START Available data

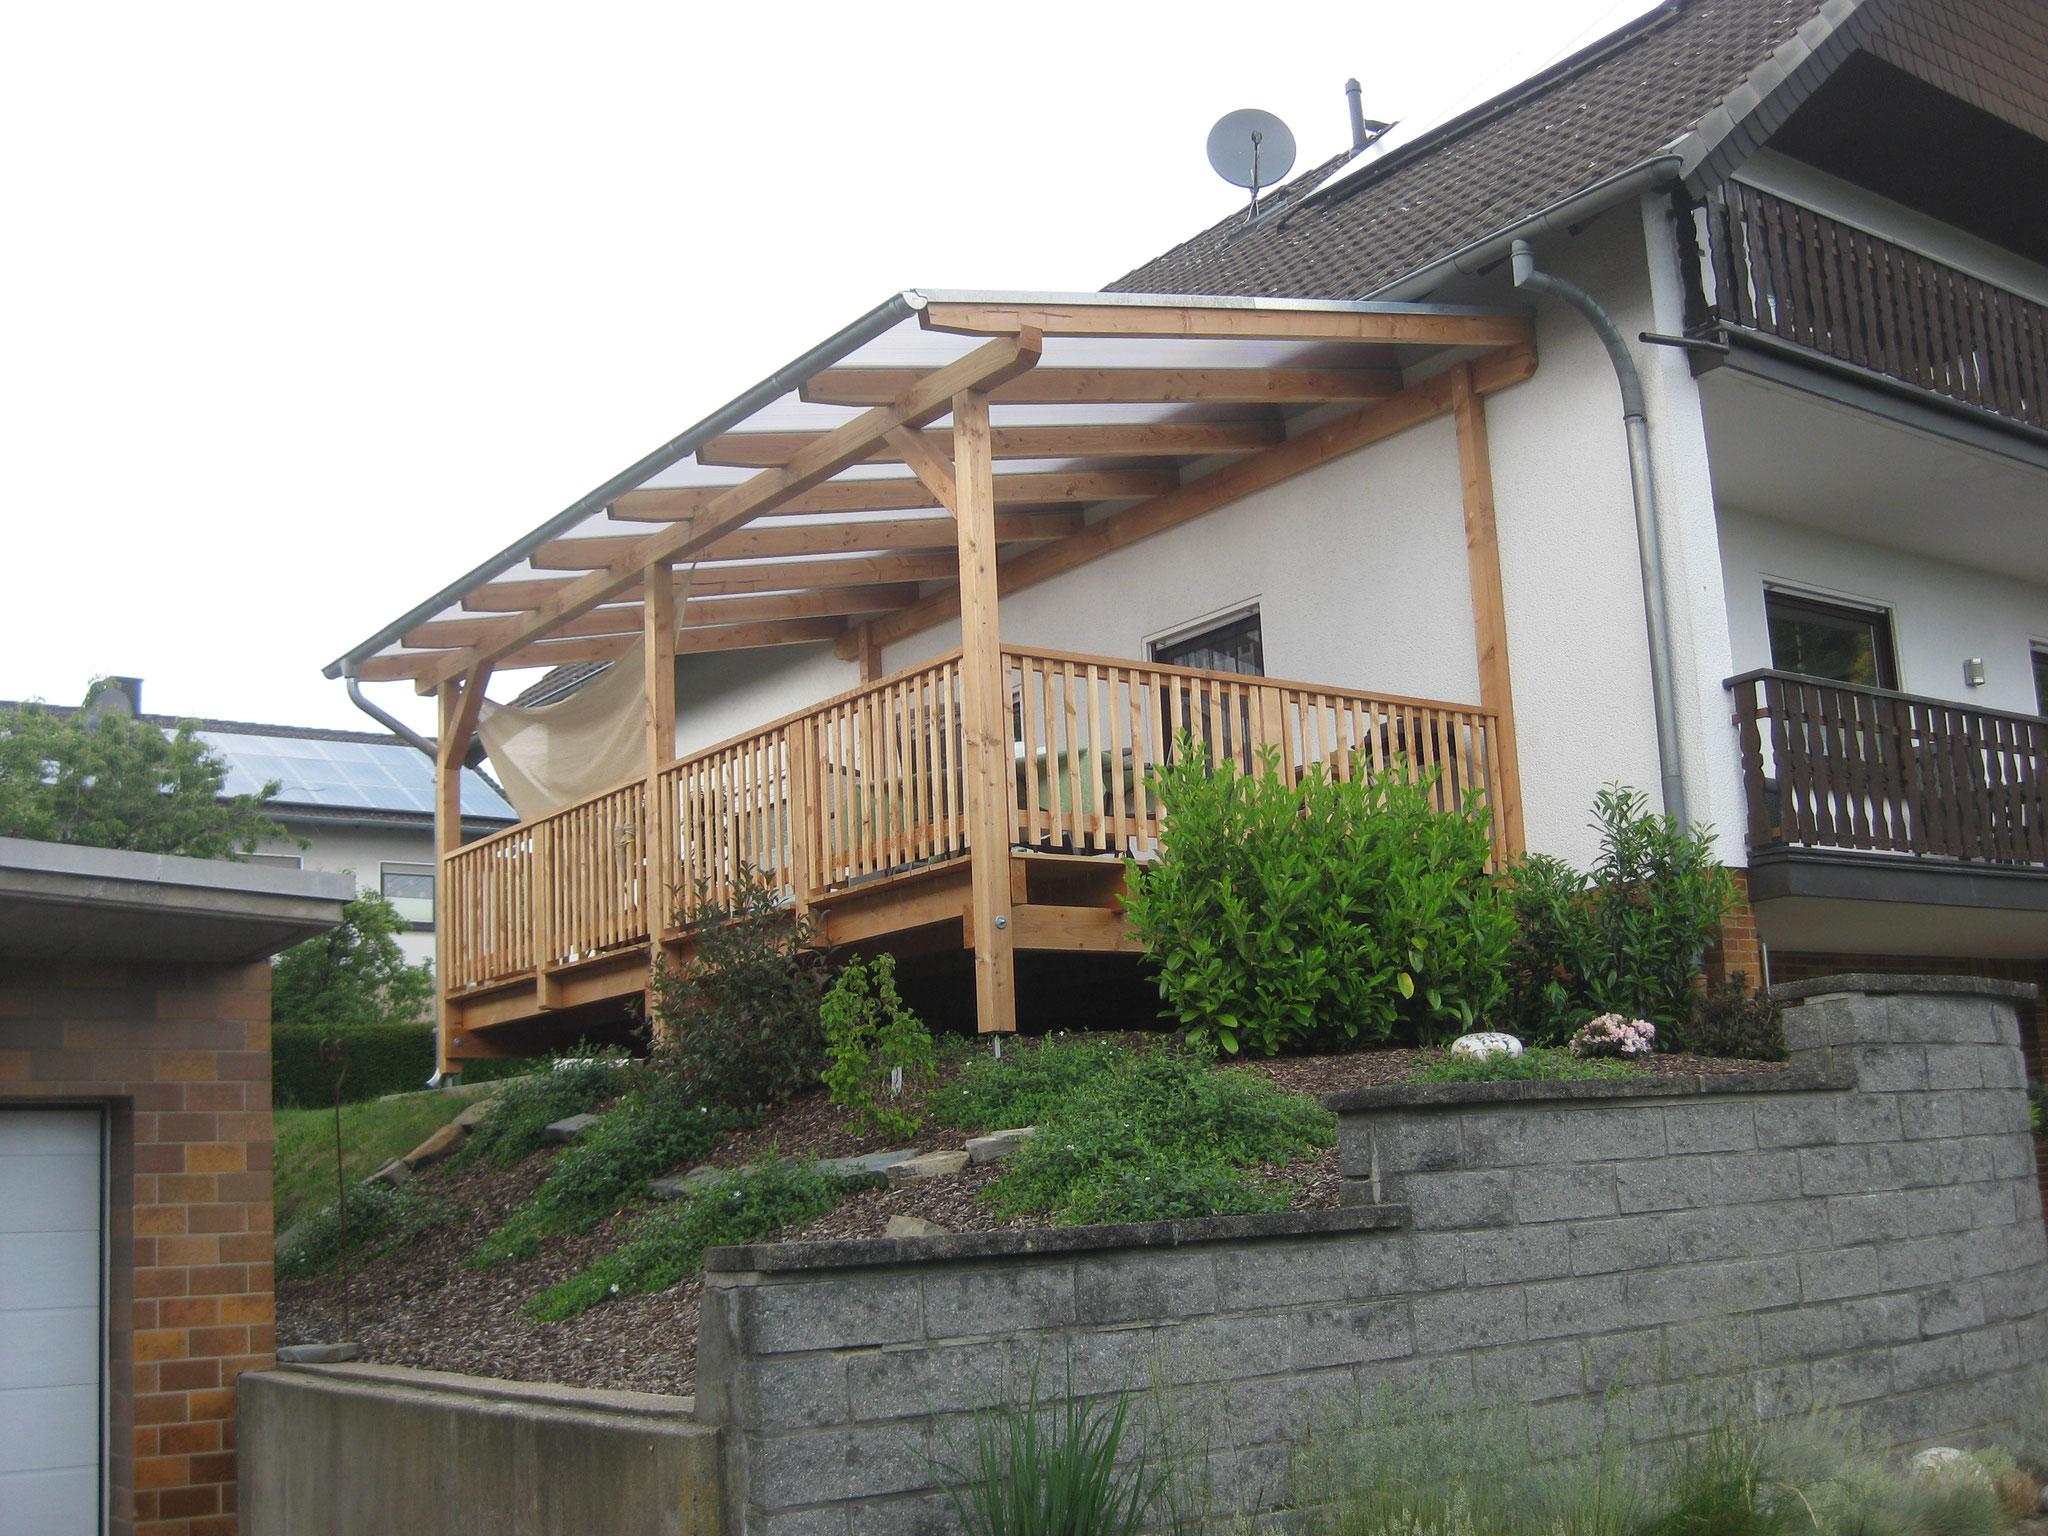 Holzterasse mit Überdachung
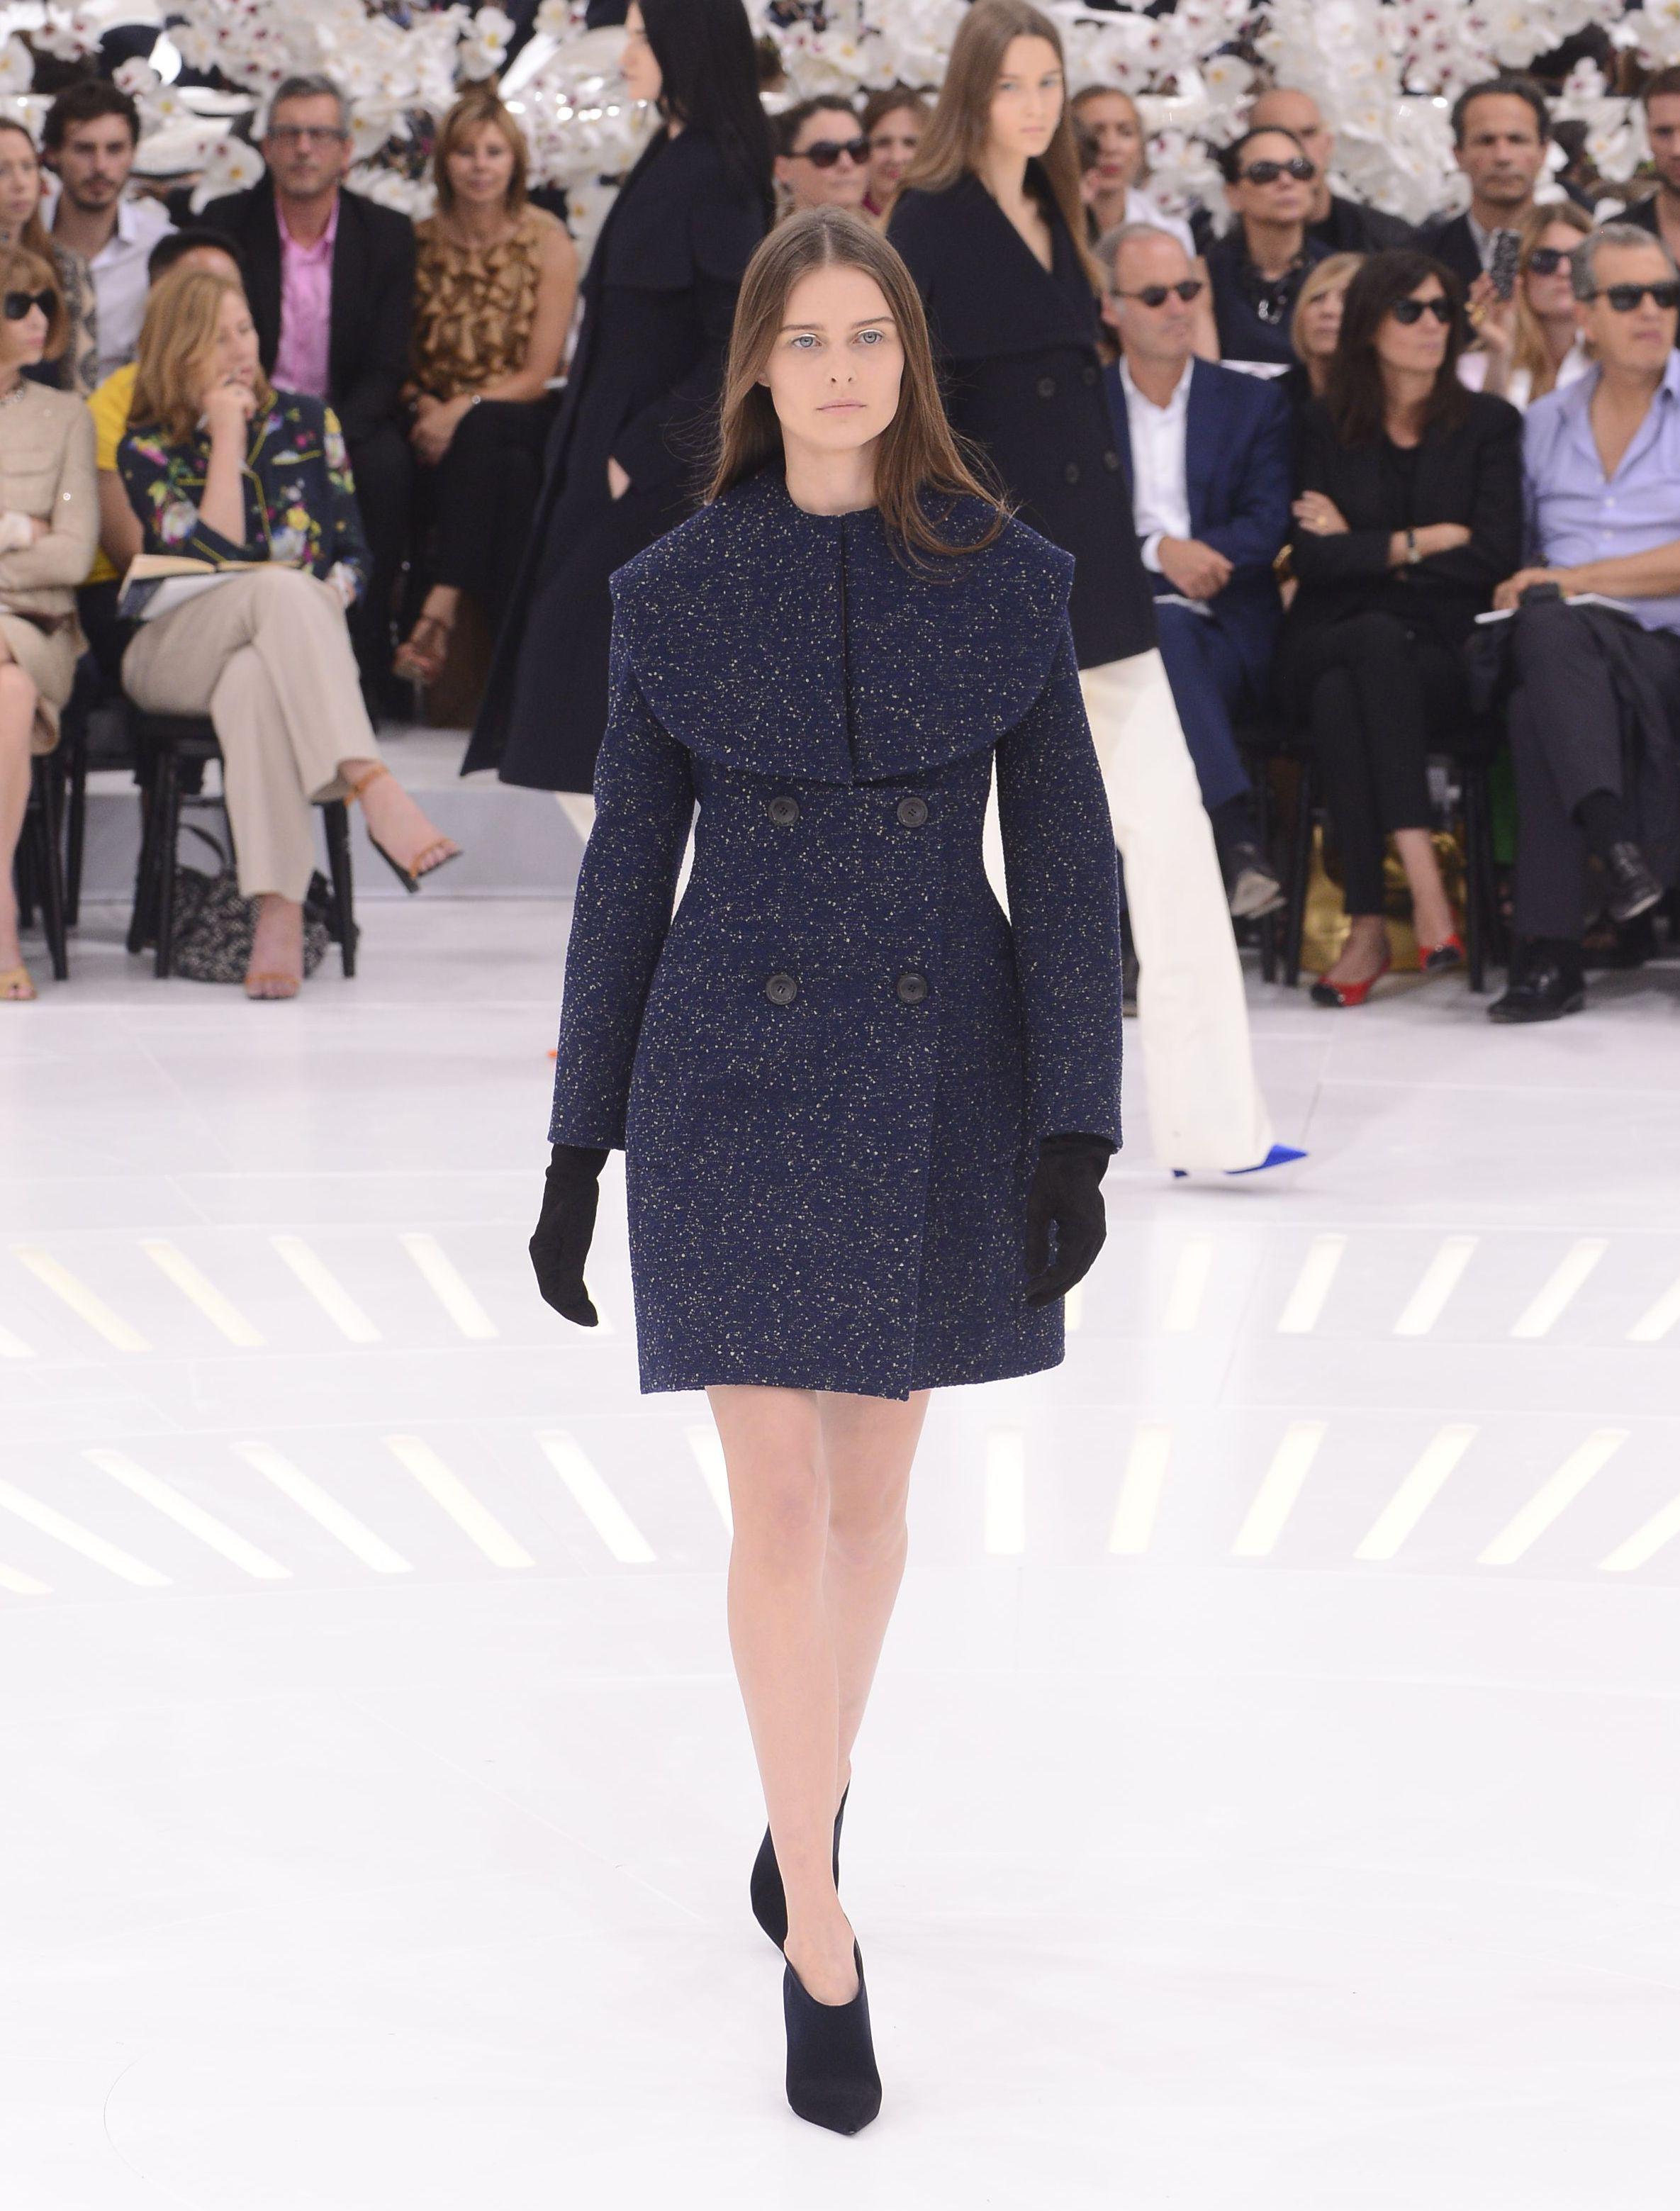 Christian Dior show, Haute Couture Fall Winter 2014, Paris Fashion Week, France - 07 Jul 2014
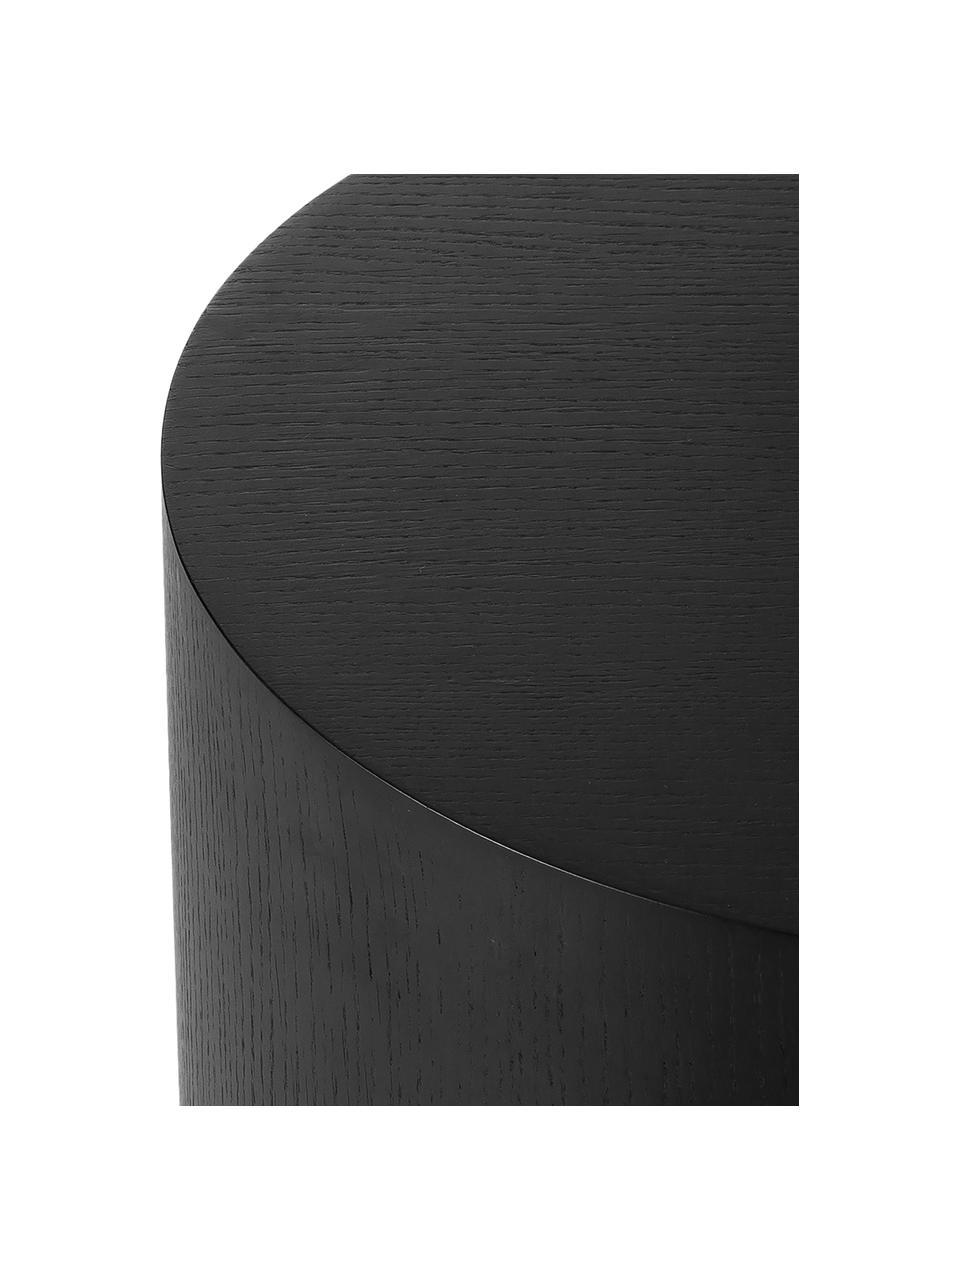 Table d'appoint noire Clarice, Corps: bois de frêne, laqué noir Pied: couleur dorée

END Available data

■ **Problem**: Copy the whole listing exactly, excluding the pictures in it.

■ **Exercise response**:
 Holzterasse mit Überdachung
 Christian Dior show, Haute Couture Fall Winter 2014, Paris Fashion Week, France - 07 Jul 2014
 Table d'appoint noire Clarice, Corps: bois de frêne, laqué noir Pied: couleur dorée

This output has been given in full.